(EXERCISE BRIEF)
Find the line containing "1meterial texture" in the data below, then output that line and each one after it exactly, with nothing else.
[GIVEN INFORMATION]
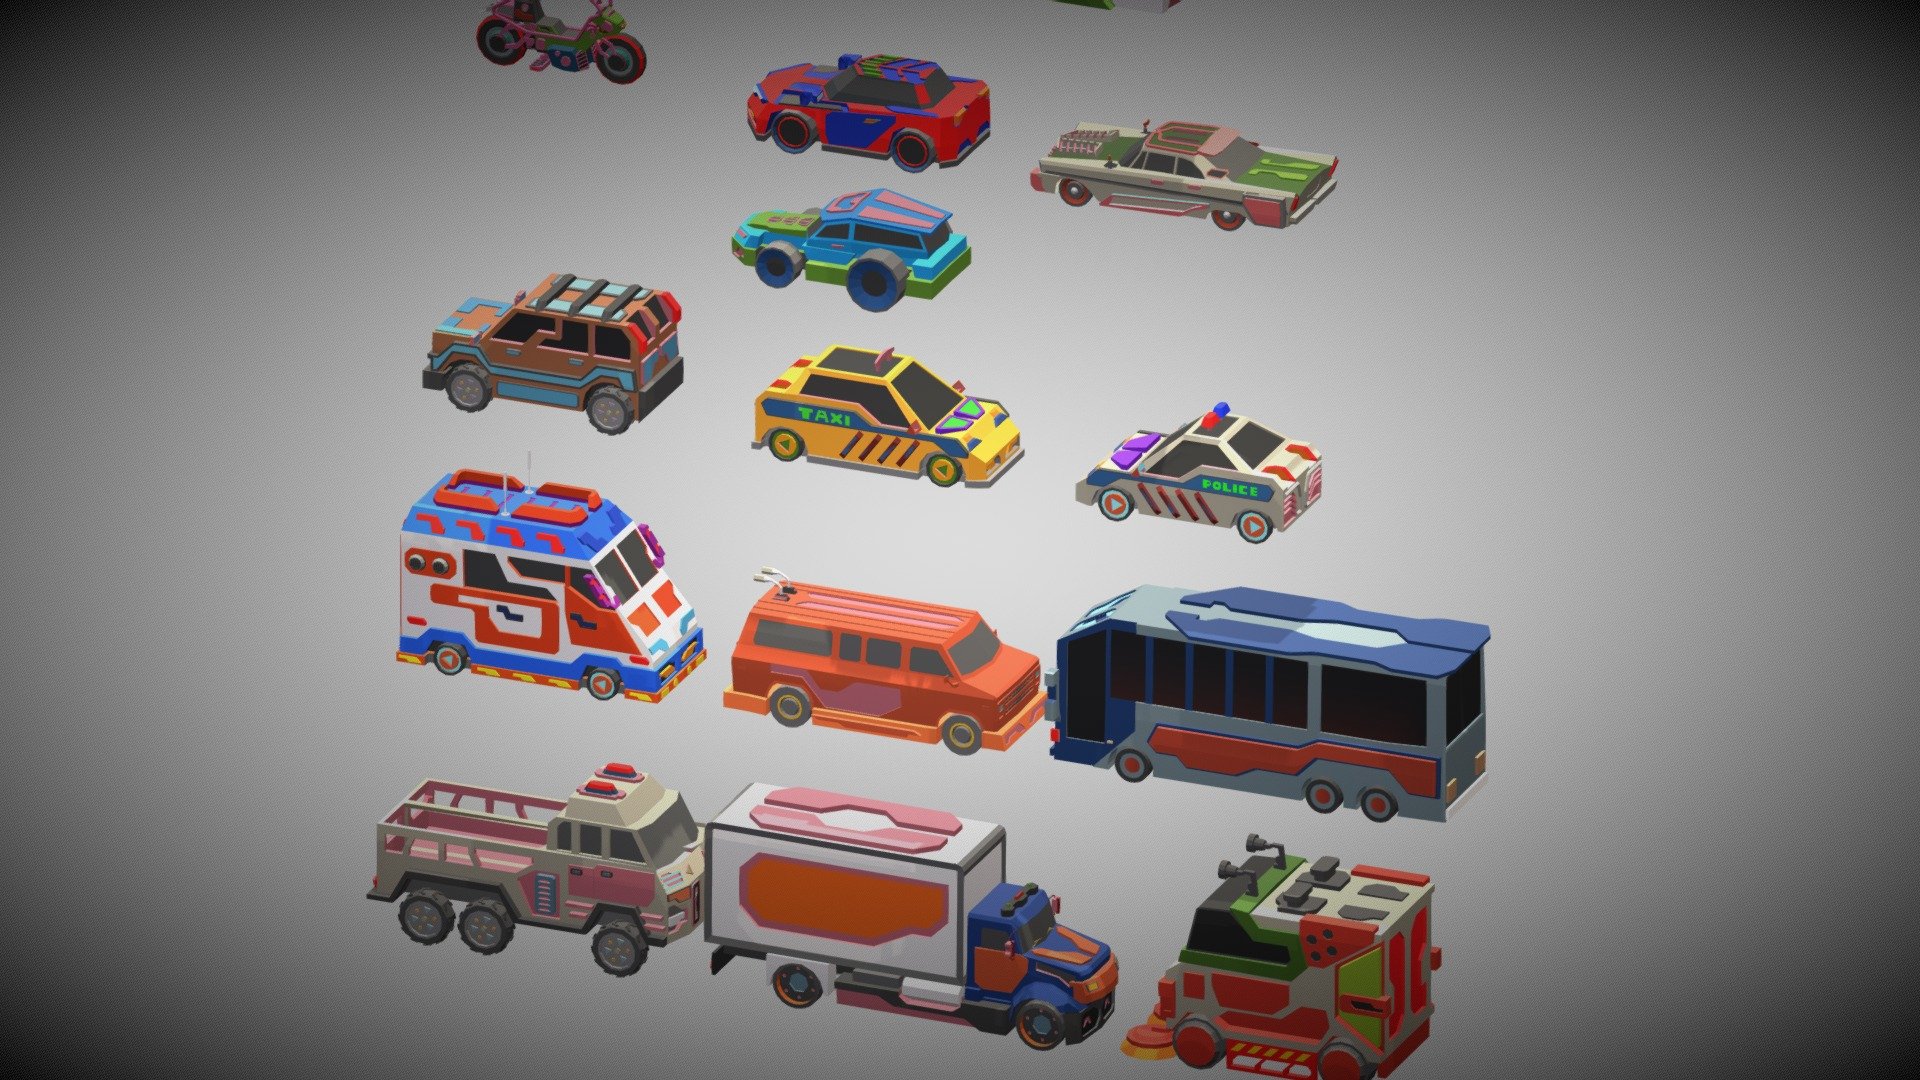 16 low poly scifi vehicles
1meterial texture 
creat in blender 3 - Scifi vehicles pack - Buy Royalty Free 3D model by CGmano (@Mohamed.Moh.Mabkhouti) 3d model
[/GIVEN INFORMATION]
(SOLUTION TO THE PROBLEM)
1meterial texture 
creat in blender 3 - Scifi vehicles pack - Buy Royalty Free 3D model by CGmano (@Mohamed.Moh.Mabkhouti) 3d model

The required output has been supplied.